Two years ago, I decided I wanted to try and have a baby. I had worked at my brick and mortar job for five years and had established a great reputation for being dependable and responsible. I had received two promotions in the years I had worked there and knew I had not reached a glass ceiling. When I finally did get pregnant, everyone seemed to be happy for me. I could tell there was a little doubt wondering if I would still be as dependable as before.

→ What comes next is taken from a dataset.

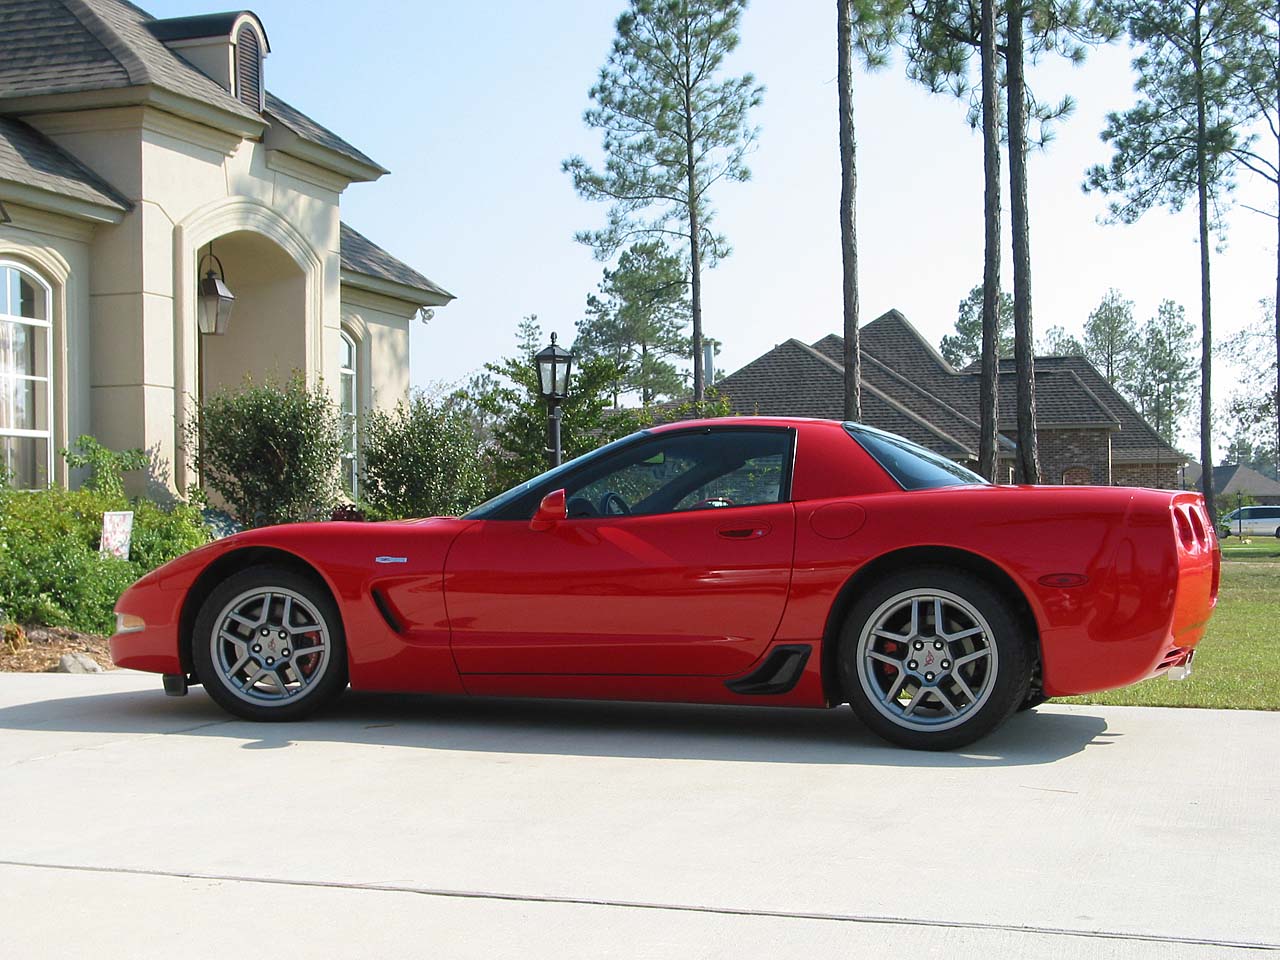 Torch Red, the proper color for any C5 Corvette

What I Thought Would Happen
I was not known for being naive, but my thoughts were surely headed there. I believed that I would be super mom. I mean I was in charge of twelve employees so I definitely could handle my career and a baby. Women did it all the time and it seemed almost effortless. To make matters even better I was going to nurse my child for a year and still try to earn that promotion I so wanted a work. I expected that I could go out for six weeks, have the baby, and return to work just as normal.
Reality
I did not understand how people made it being pregnant and working a full-time job. I was exhausted and between getting calls from work in the middle of the night and not getting any sleep due to the position of the baby, I was falling asleep everywhere. I had a hard time both at home and at work trying to keep it all together. I thought once the baby was born, I would not be as tired. Well baby came and instead of having a natural delivery, the doctors performed a cesarean section. Now, I would be out a minimum of eight weeks. Once I went back to work, I was falling apart. I was still hurting; I was trying to nurse during my breaks, and staying awake all night with the baby. Did I really think this was going to work?
New Beginnings
Well, I walked around the next four weeks like a zombie trying to balance work and home life. I had always been proud of my career but now it was getting in the way of my life. I had a new outlook on what was important to me. I quit my job to stay home with my son. I could not bear the thought of not being with him and work was not my first priority any longer. Staying home with my son was the best decision I ever made and some days I still feel like super mom when I can hold a baby and vacuum at the same time. Super mom comes in different meanings for everyone.